• PROBLEM DETAILS
Repeat, word for word and with nothing added, each line from the one containing "Hot Cocoa (SW" to the final line of the data, keeping both ends. Pictures are not part of the copy.

• DATA PROVIDED
--- START ---

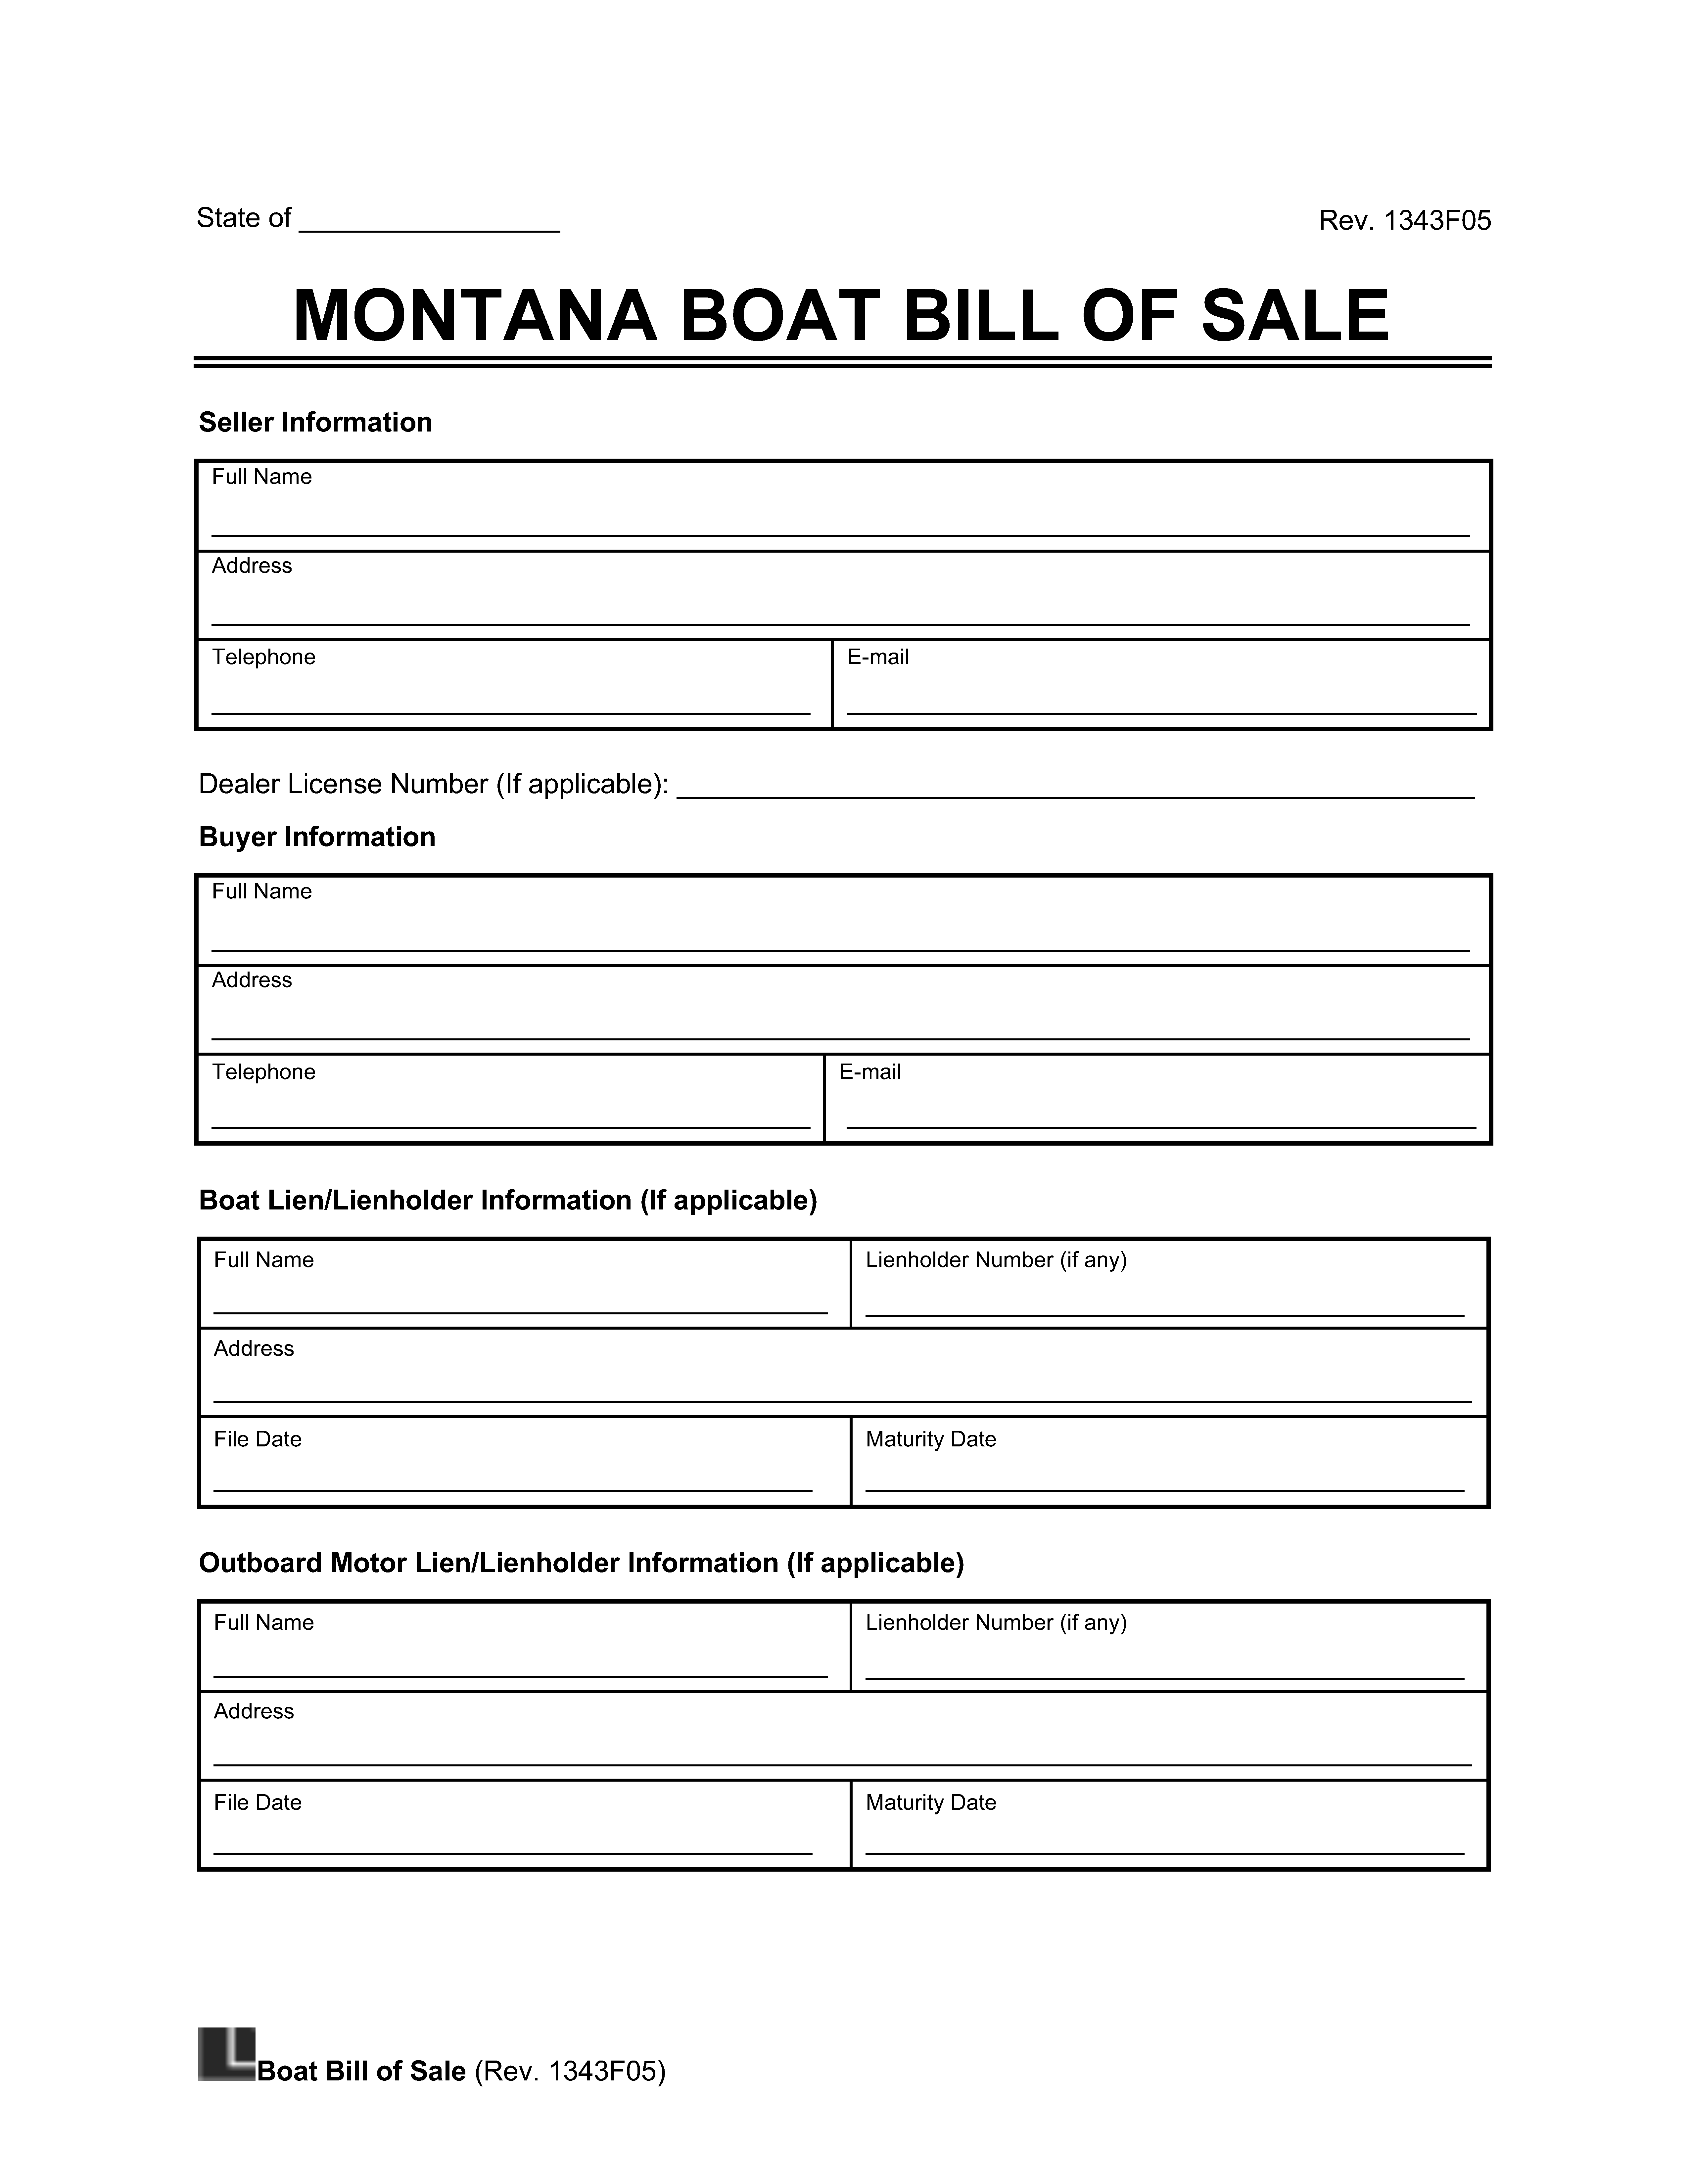 Boat Bill of Sale Montana screenshot
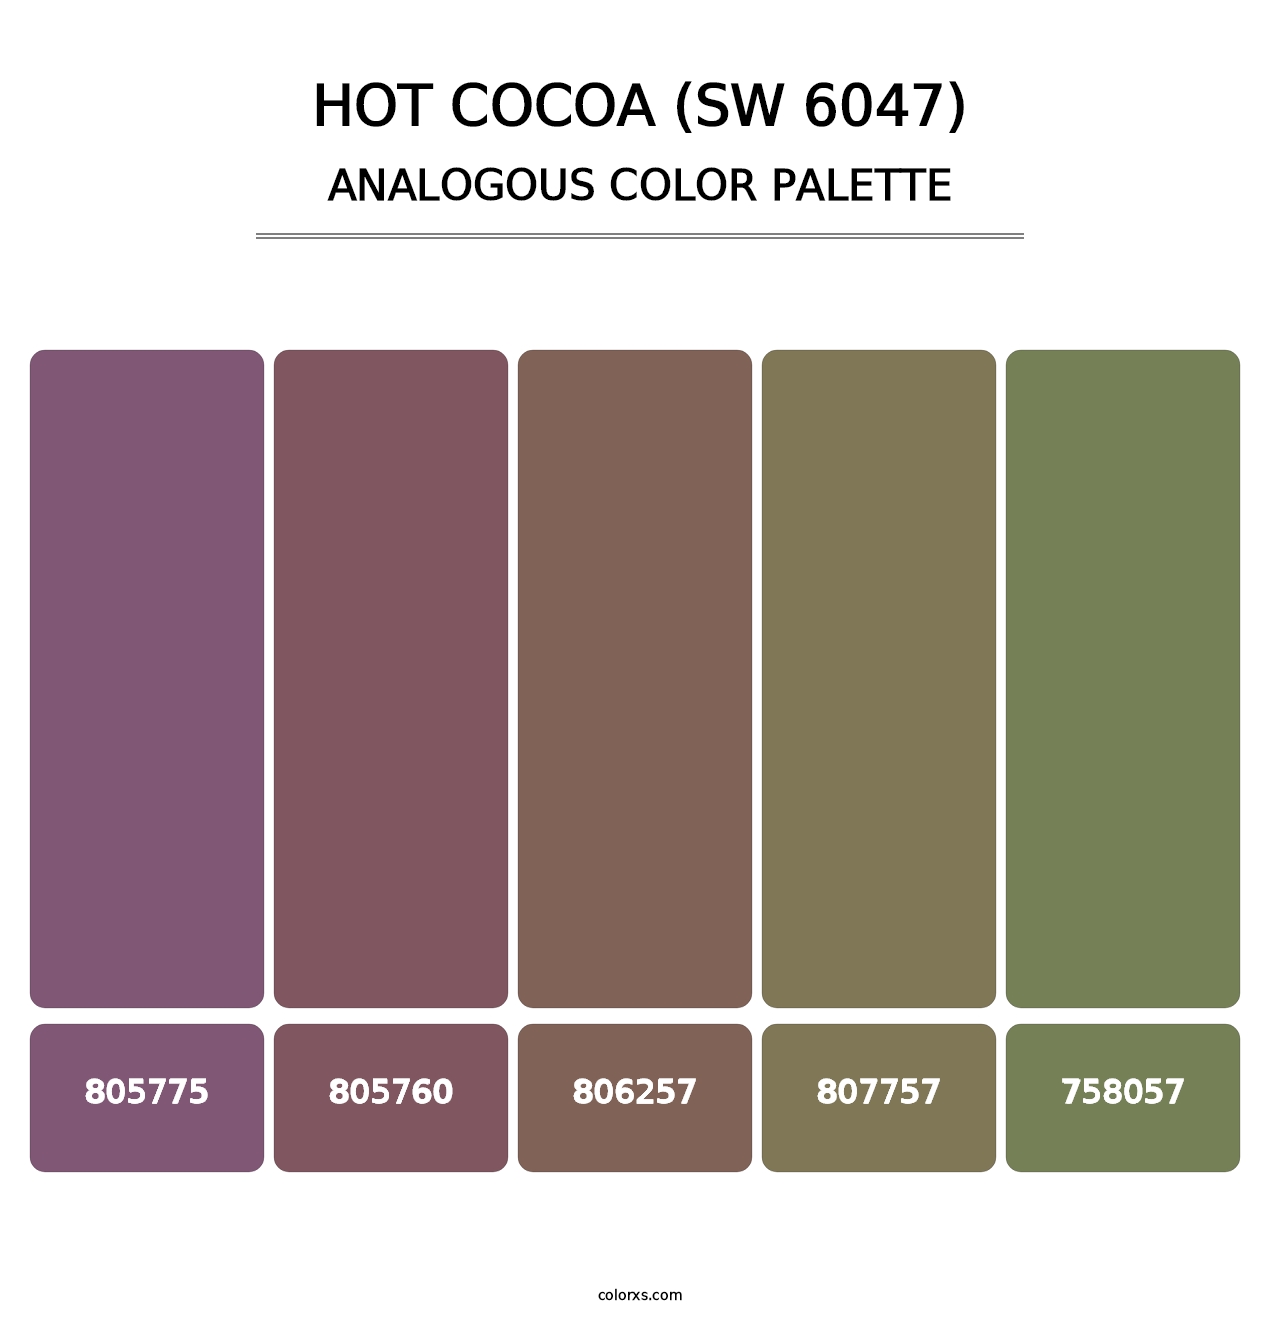 Hot Cocoa (SW 6047) - Analogous Color Palette
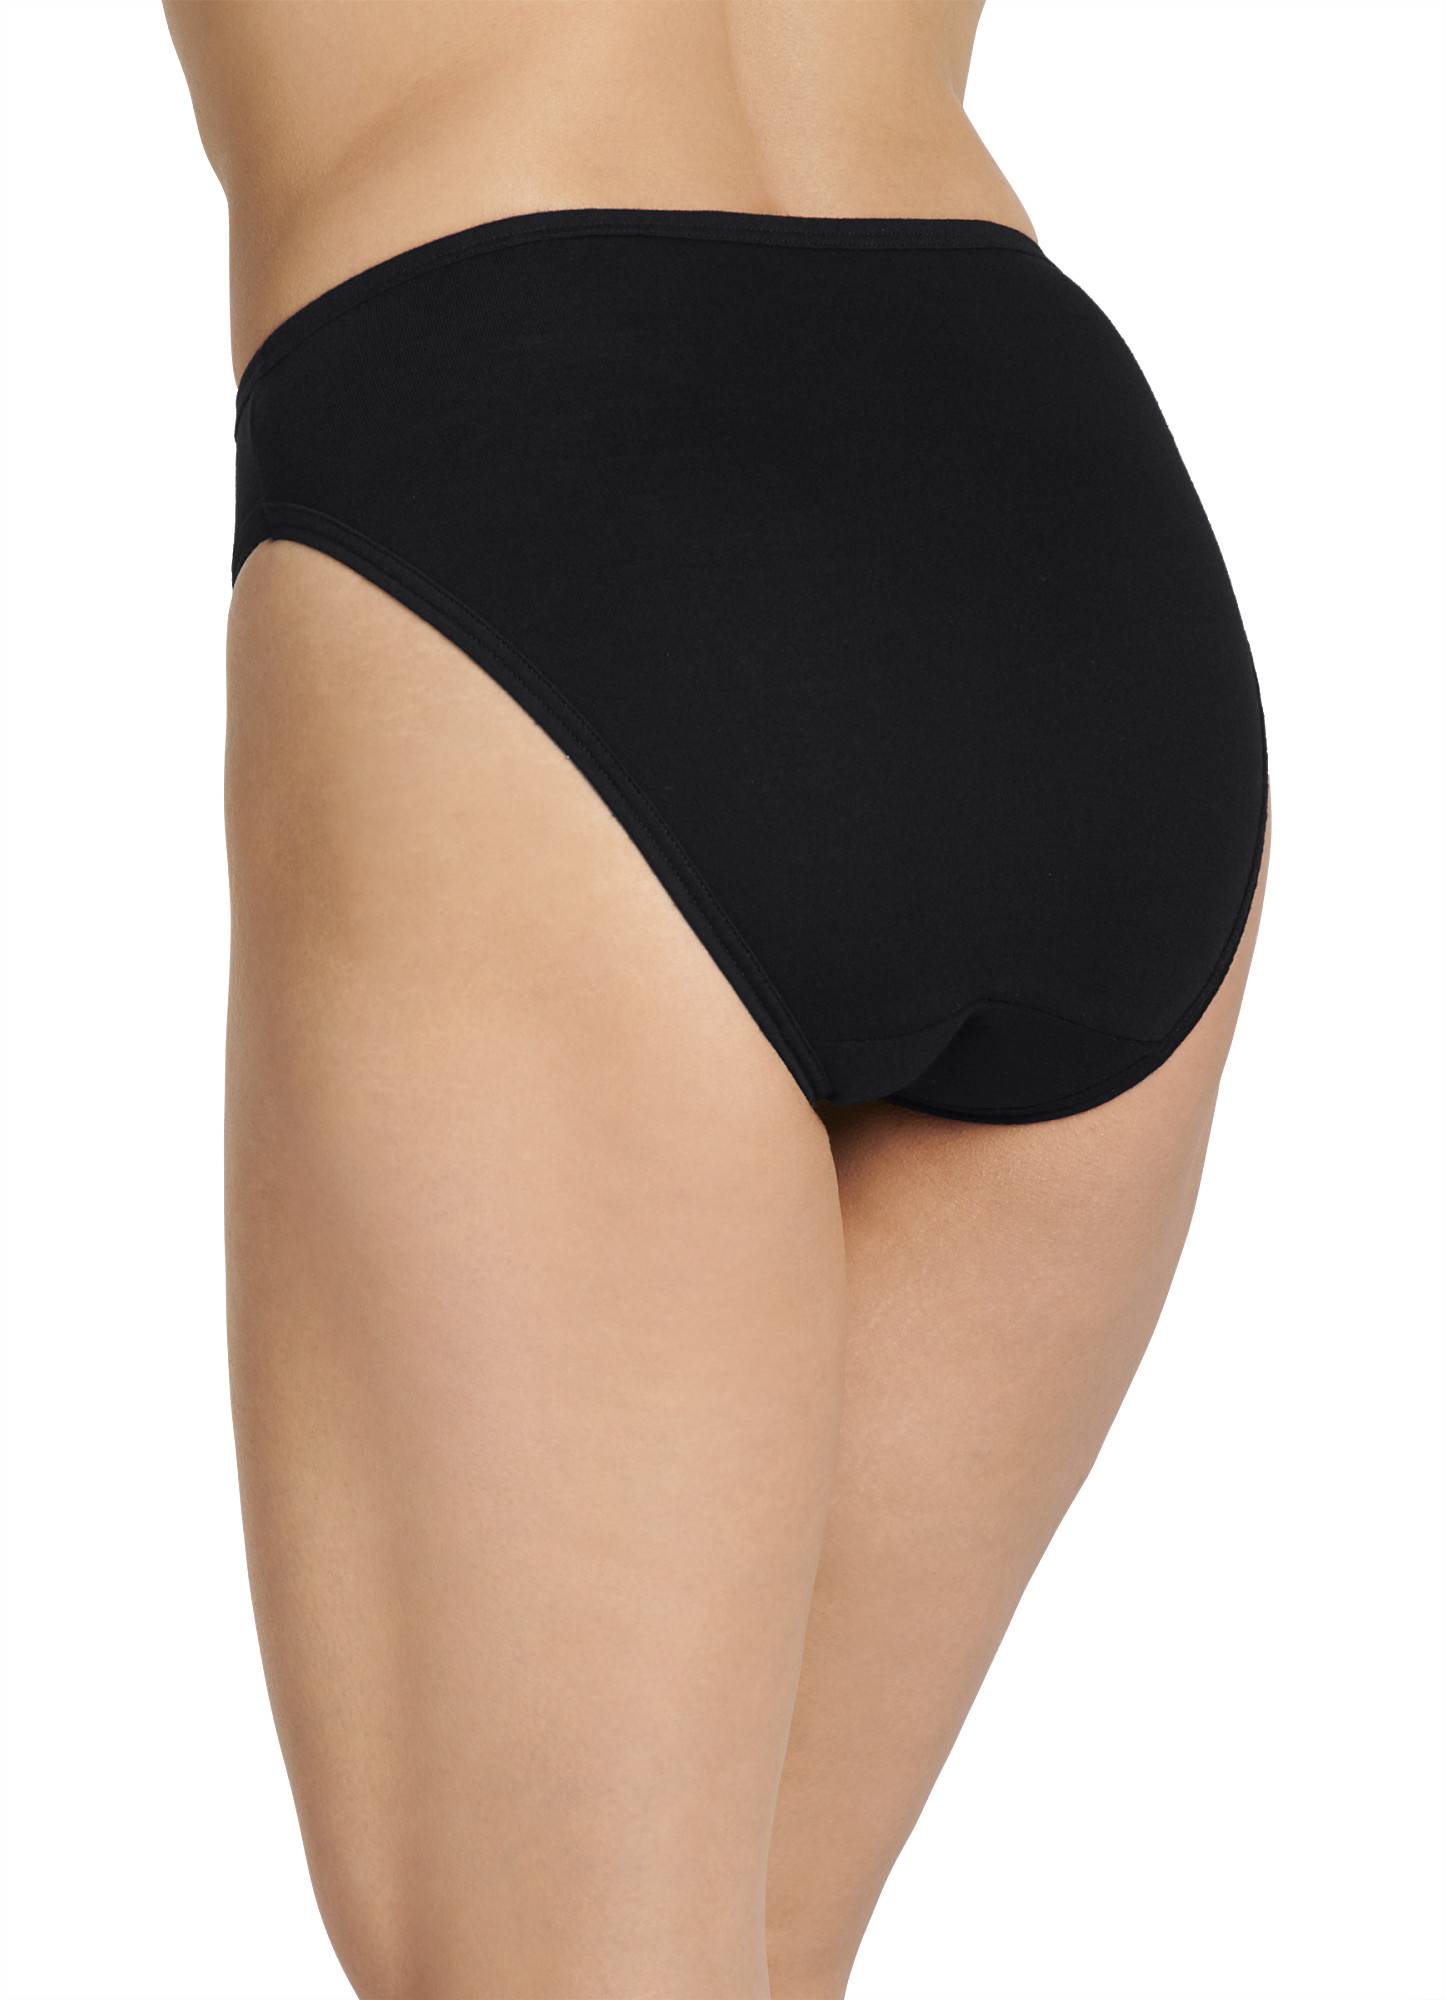 3 Jockey Elance Women's French Cuts Panties Black Higher Cut Legs Cotton  Size 6 for sale online
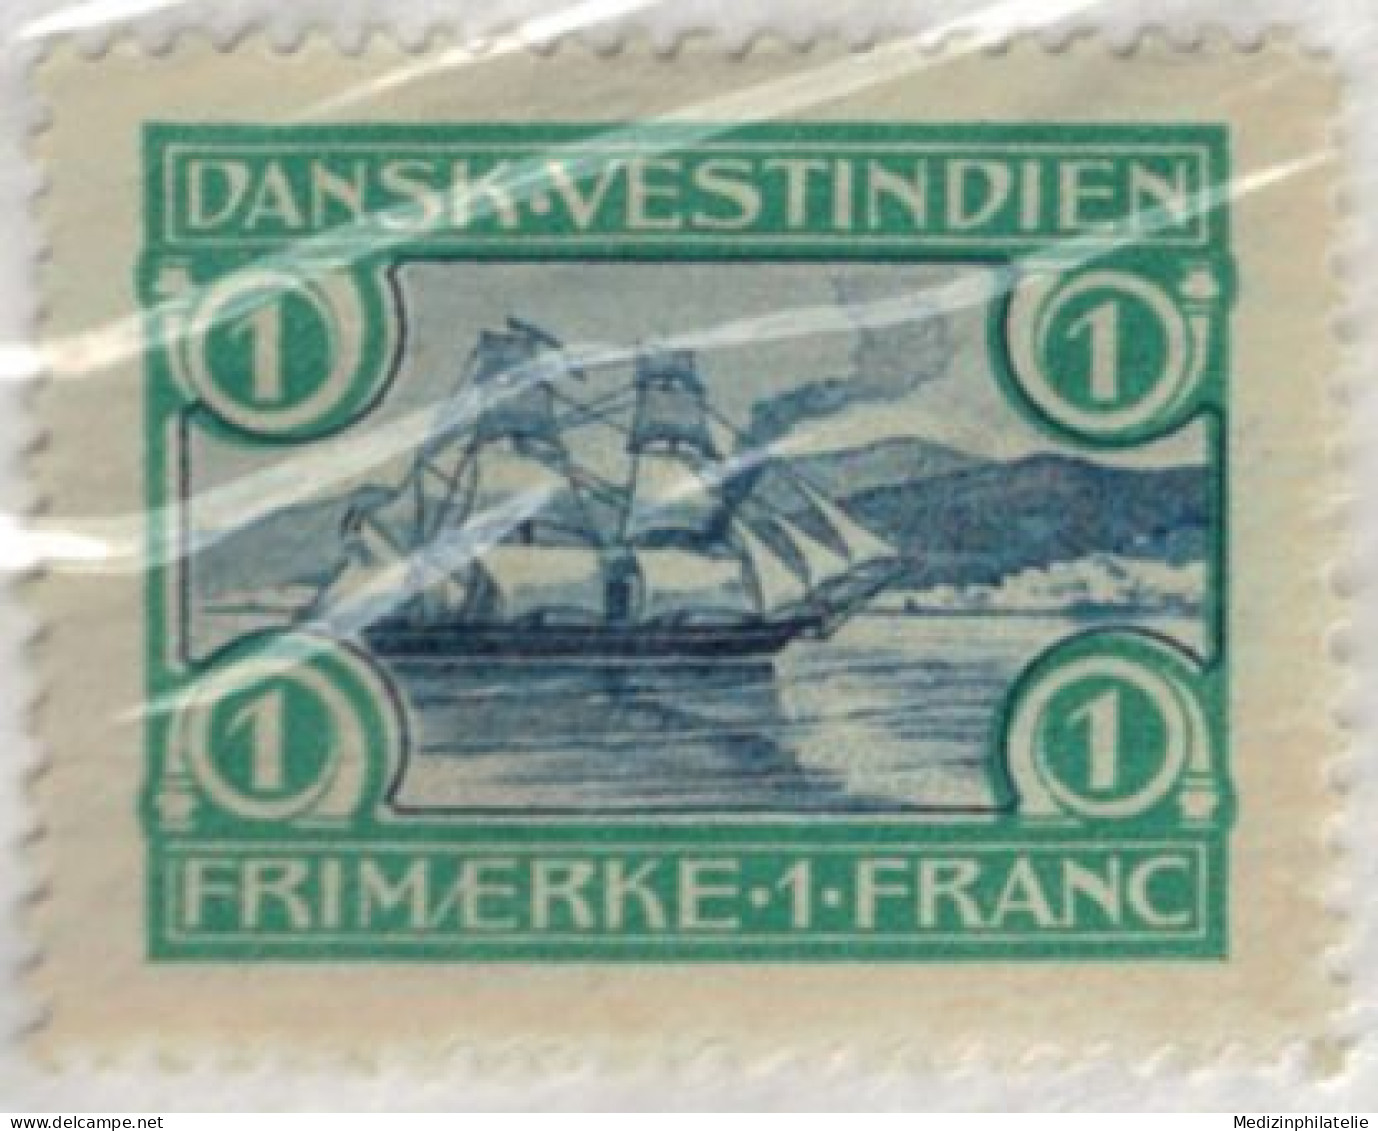 Dänemark Westindien Nr. 35-37 1905 - Denmark (West Indies)

--- END ---

• SOLUTION TO THIS EXERCISE
 Hot Cocoa (SW 6047) - Analogous Color Palette
 3 Jockey Elance Women's French Cuts Panties Black Higher Cut Legs Cotton  Size 6 for sale online
 Dänemark Westindien Nr. 35-37 1905 - Denmark (West Indies)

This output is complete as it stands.